Blocken's work doesn't refer to cycling's general energy efficiency but it's clear from his research that riding in a pack makes cycling even more efficient as a means of locomotion.
Cycling was famously lauded as more energy efficient than any machine or beast in a Scientific American article published in 1973. English academic S.S. Wilson wrote that neither engineering nor evolution was any match for a person on a bicycle.
(This Wilson is not the Wilson who wrote the seminal Bicycling Science of 1974; that was David Gordon Wilson. The two were not related.)
“It is worth asking why such an apparently simple device as the bicycle should have had such a major effect on the acceleration of technology," wrote Wilson in his influential 1973 article. "The answer surely lies in the sheer humanity of the machine. Its purpose is to make it easier for an individual to move about, and this the bicycle achieves in a way that quite outdoes natural evolution.
“When one compares the energy consumed in moving a certain distance as a function of body weight for a variety of animals and machines, one finds that an unaided walking man does fairly well (consuming about .75 calorie per gram per kilometer), but he is not as efficient as a horse, a salmon or a jet transport. With the aid of a bicycle, however, the man’s energy consumption for a given distance is reduced to about a fifth (roughly .15 calorie per gram per kilometer).
“Therefore, apart from increasing his unaided speed by a factor of three or four, the cyclist improves his efficiency rating to No. 1 among moving creatures and machines."
Wilson used cycling's efficiency to point to a cleaner, brighter, more energy efficient future:
“For those of us in the overdeveloped world the bicycle offers a real alternative to the automobile, if we are prepared to recognize and grasp the opportunities by planning our living and working environment in such a way as to induce the use of these humane machines.
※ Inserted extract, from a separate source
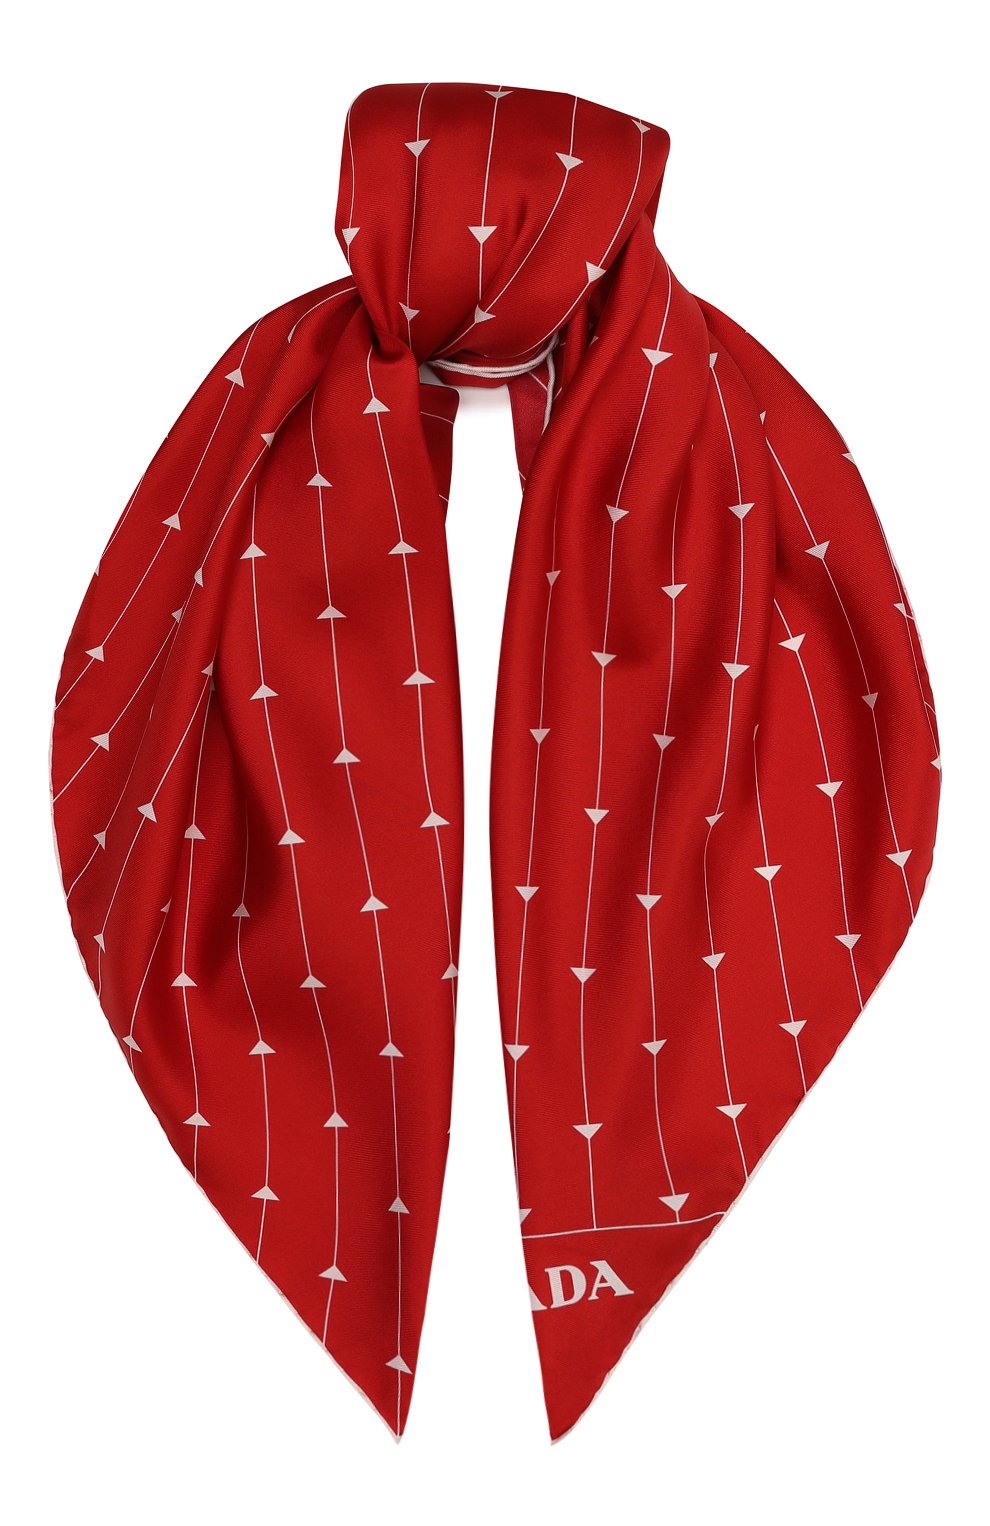 Этта гут алый платок. Платок Prada. Красный шелковый шарф. Алый шарф. Шелковый платок красного цвета.

“The possible inducements are many: cycleways to reduce the danger to cyclists of automobile traffic, bicycle parking stations, facilities for the transportation of bicycles by rail and bus, and public bicycles for 'park and pedal' service. Already bicycling is often the best way to get around quickly in city centres."
Wilson’s article was later picked up by philosopher Ivan Illich who, in his 1978 pamphlet Toward a History of Needs, wrote:
“Man on a bicycle can go three or four times faster than the pedestrian, but uses five times less energy in the process. He carries one gram of his weight over a kilometre of flat road at an expense of only 0.15 calories. The bicycle is the perfect transducer to match man’s metabolic energy to the impedance of locomotion. Equipped with this tool, man outstrips the efficiency of not only all machines but all other animals as well.
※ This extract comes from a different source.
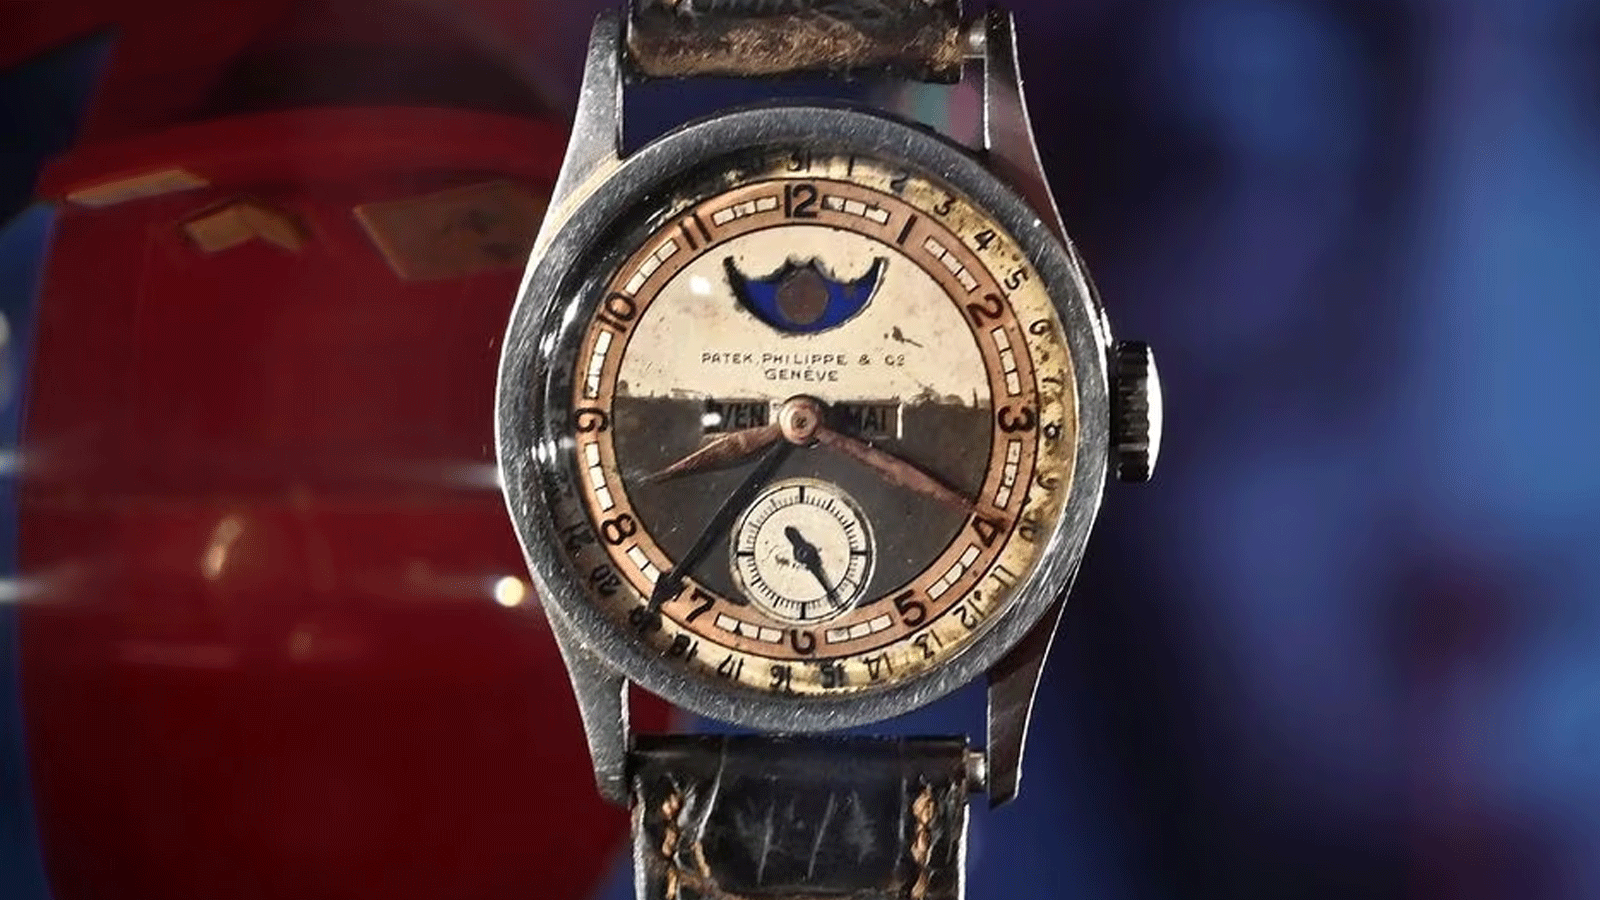  ساعة Patek Philippe التي كانت مملوكة لآخر إمبراطور صيني بويي، بيعت بأكثر من 5 ملايين دولار في مزاد ، تم تصويرها في هونغ كونغ في 23 أيار\مايو 2023

“Bicycles let people move with greater speed without taking up significant amounts of scarce space, energy, or time. They can spend fewer hours on each mile and still travel more miles in a year. They can get the benefit of technological breakthroughs without putting undue claims on the schedules, energy, or space of others. They become masters of their own movements without blocking those of their fellows."
However, as the aptly-named aero professor has shown, cyclists who are blocked by fellow riders in front of them take the understanding of cycling's energy efficiency to new levels.